__WORK TO BE COMPLETED__
Write again exactly the lines in the listing below, starting at the line with "Hombli Slimme Lamp E27 9W WiFi 1 + 1 gratis!" and ending at the line with "Modern Interior Room", both included. Pictures are not copied.

__DATA RECORDS__
•••••

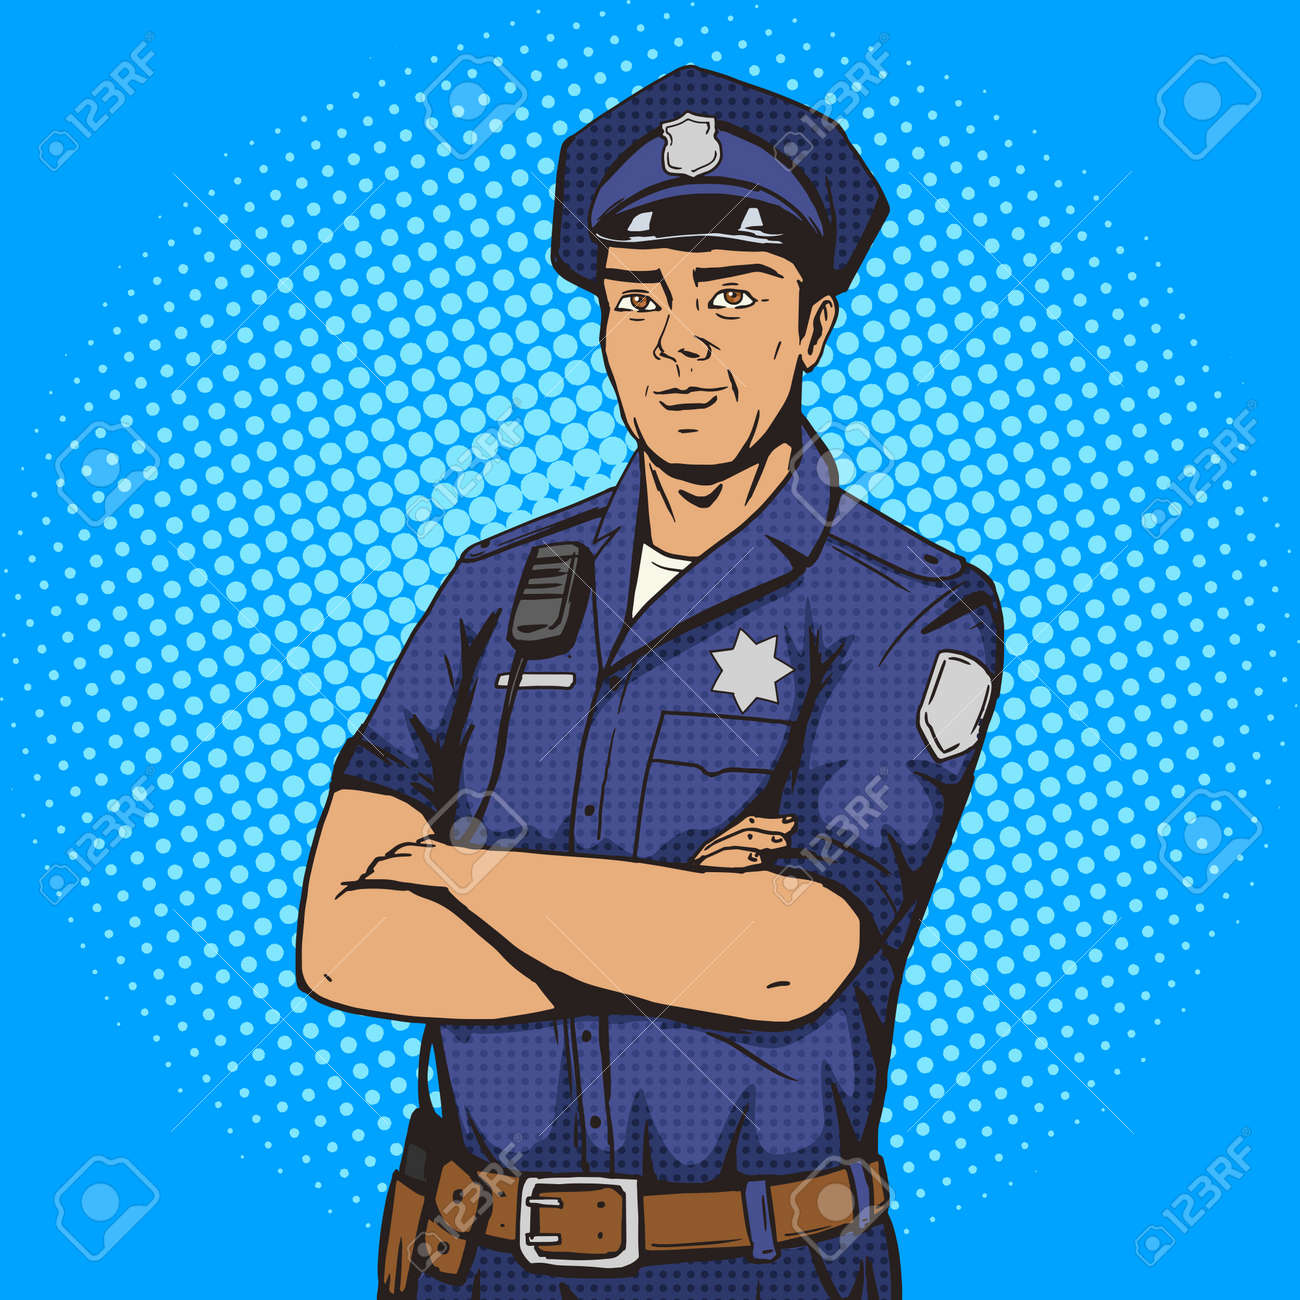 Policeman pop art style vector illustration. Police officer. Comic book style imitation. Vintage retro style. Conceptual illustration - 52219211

•••••

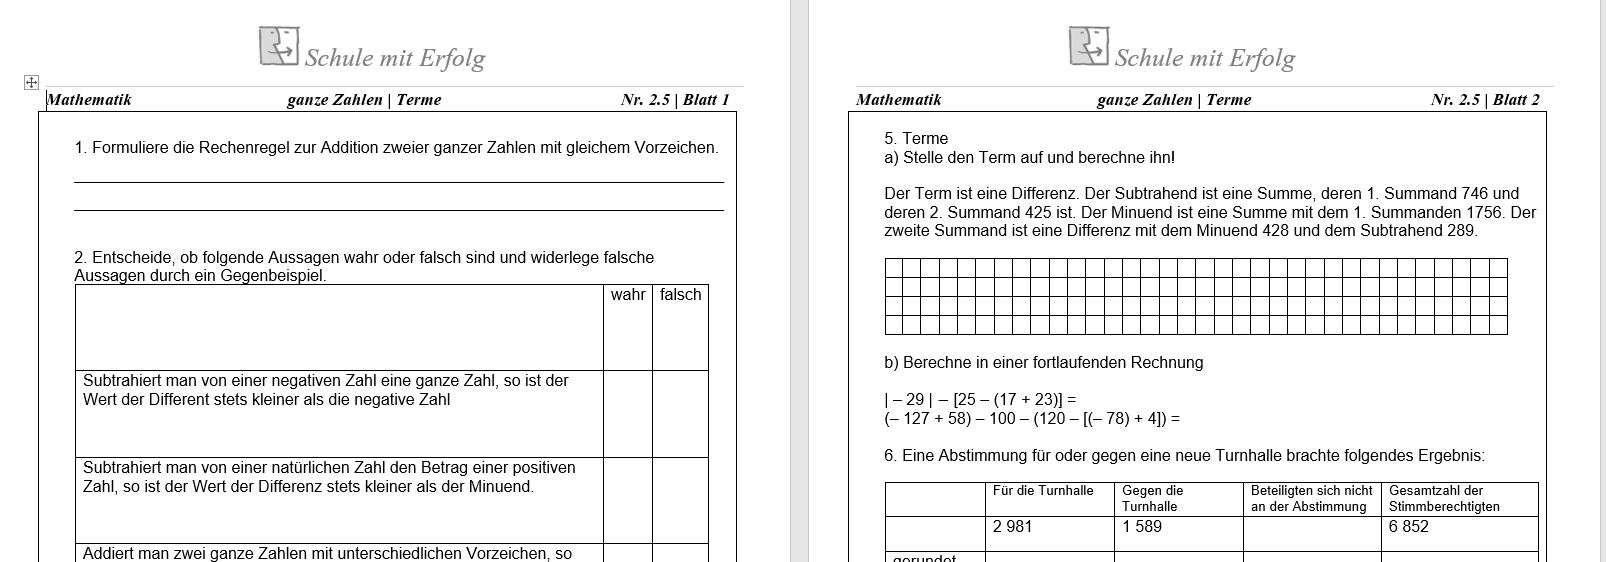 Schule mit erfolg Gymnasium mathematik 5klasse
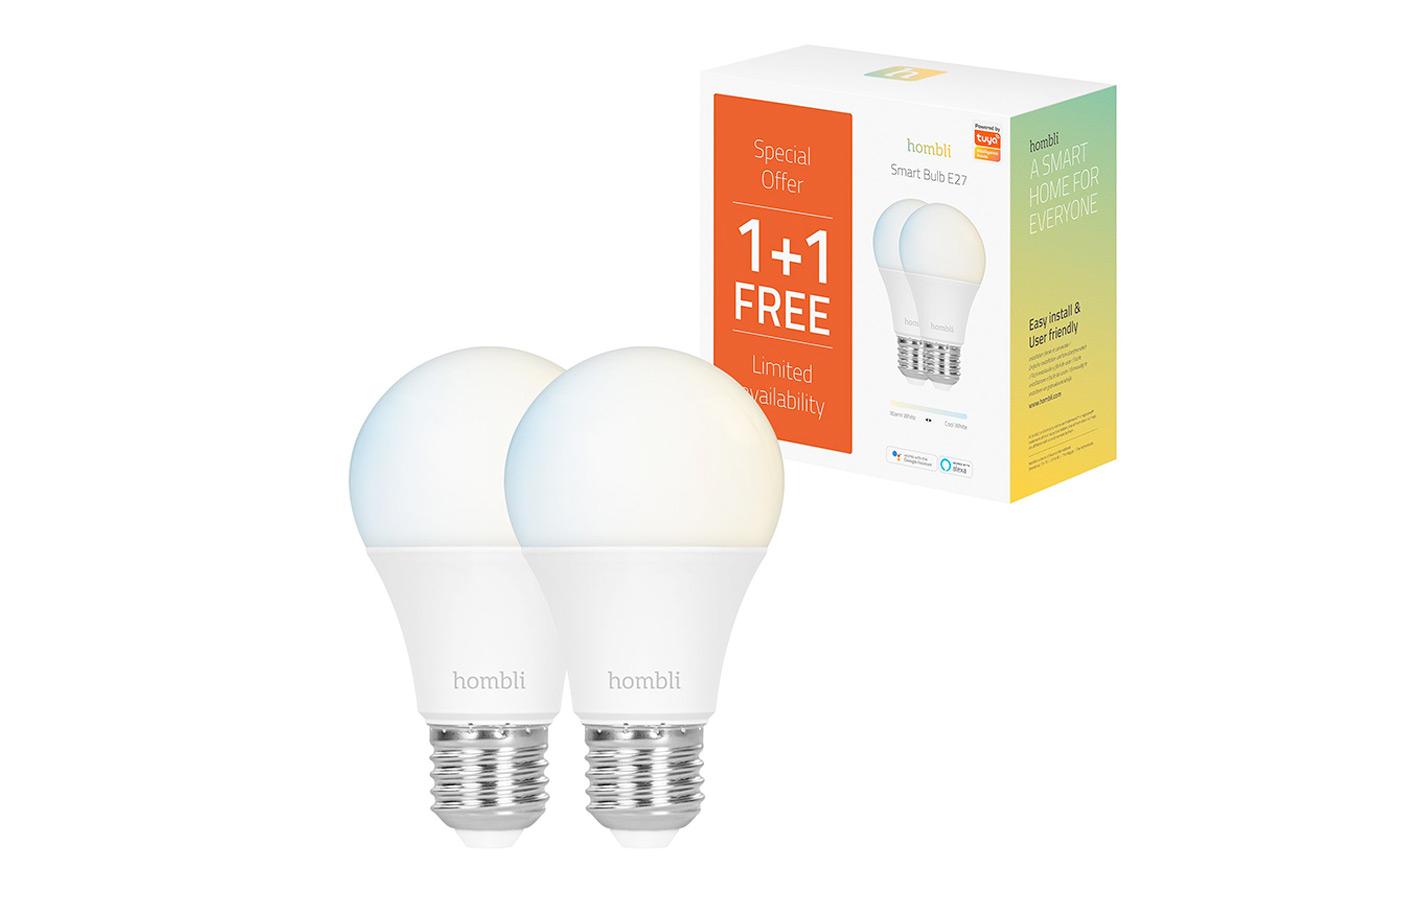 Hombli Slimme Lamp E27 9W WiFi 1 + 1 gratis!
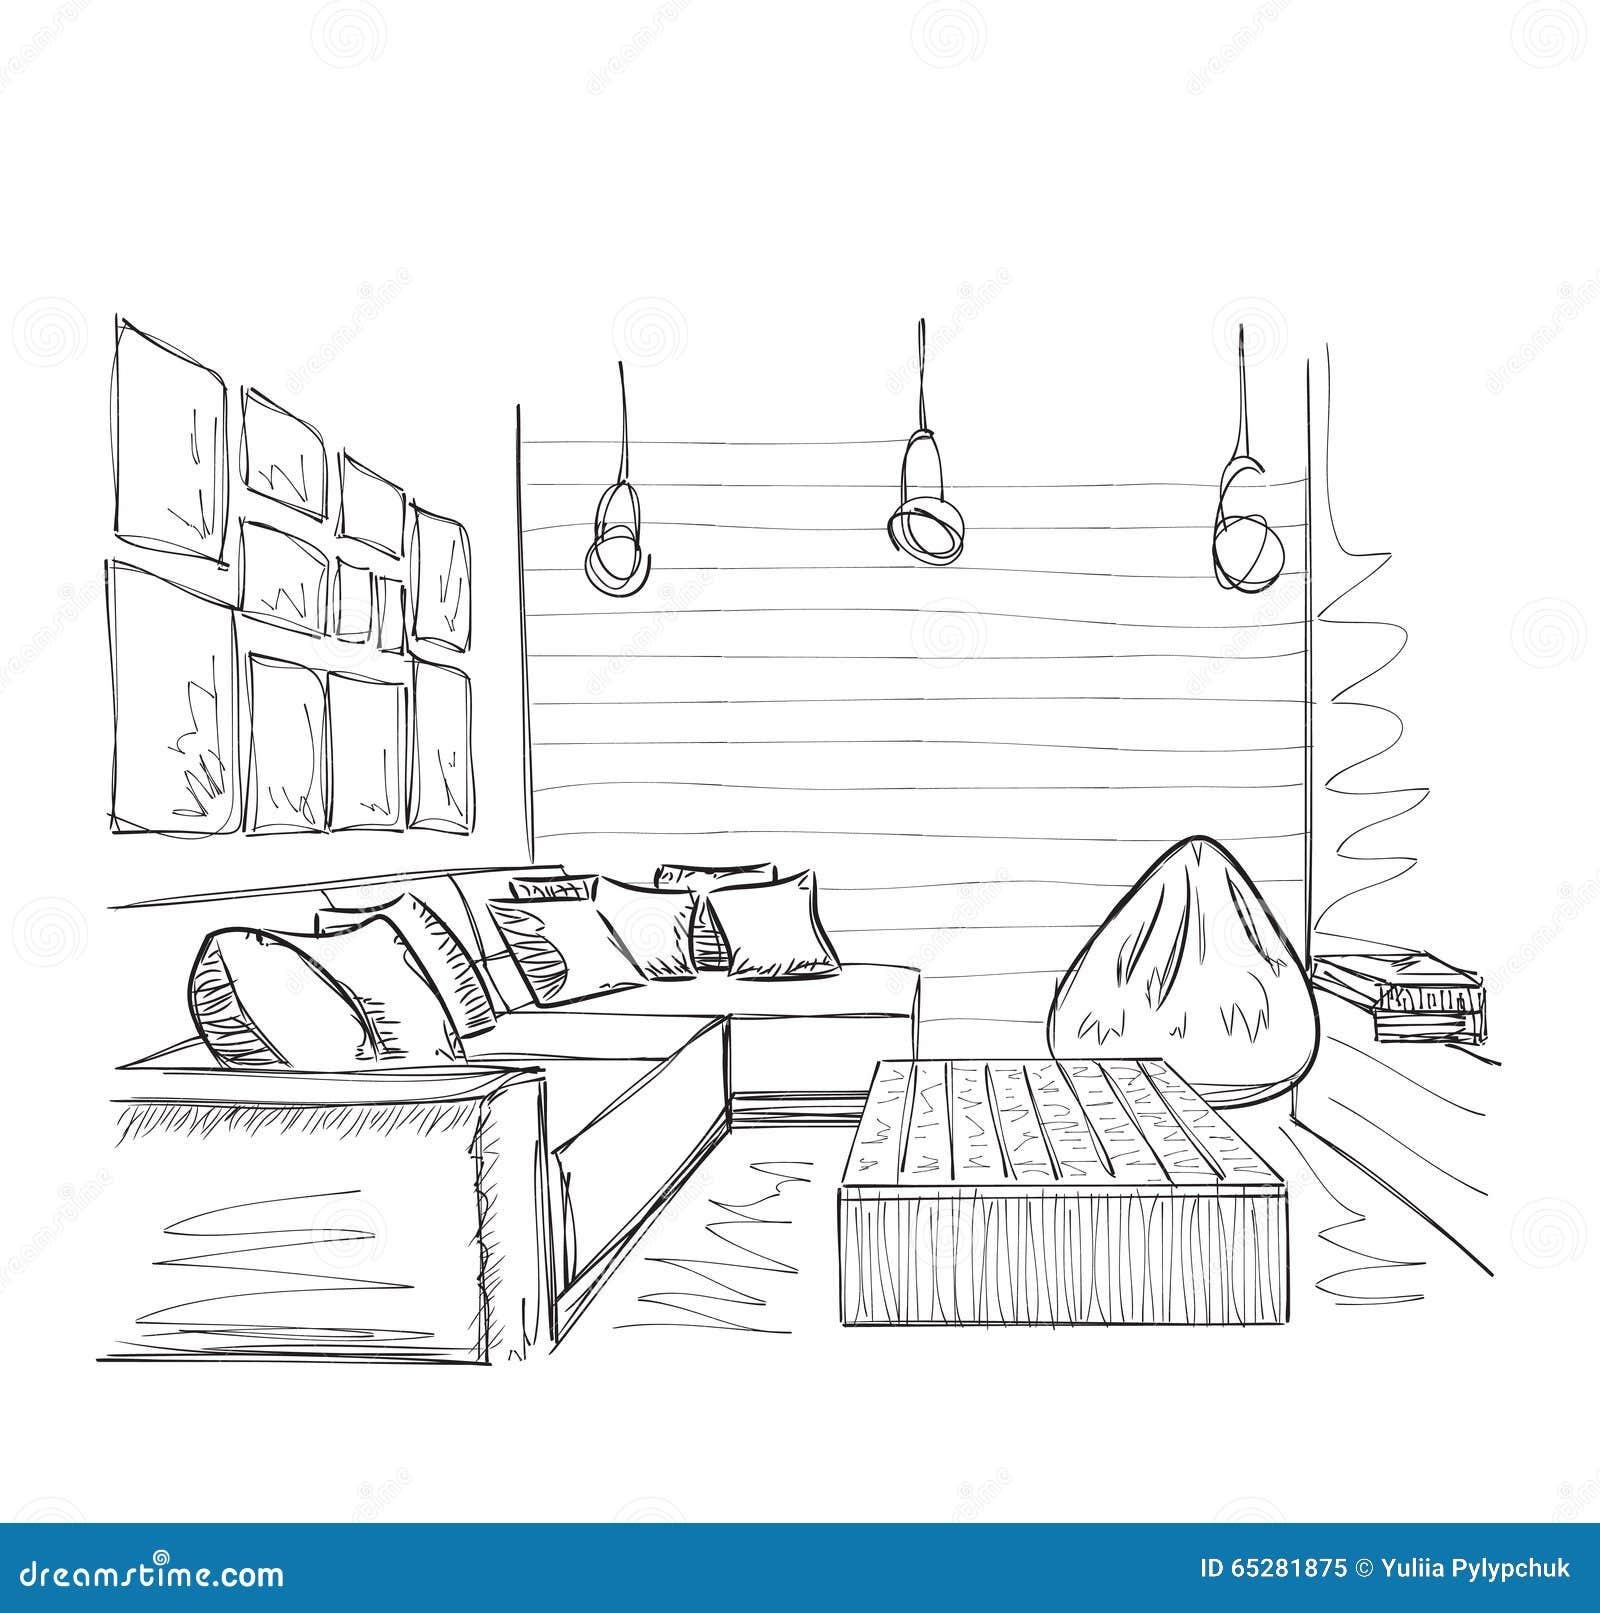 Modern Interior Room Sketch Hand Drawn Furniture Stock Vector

•••••

__ANSWER BOX__
 Hombli Slimme Lamp E27 9W WiFi 1 + 1 gratis!
 Modern Interior Room Sketch Hand Drawn Furniture Stock Vector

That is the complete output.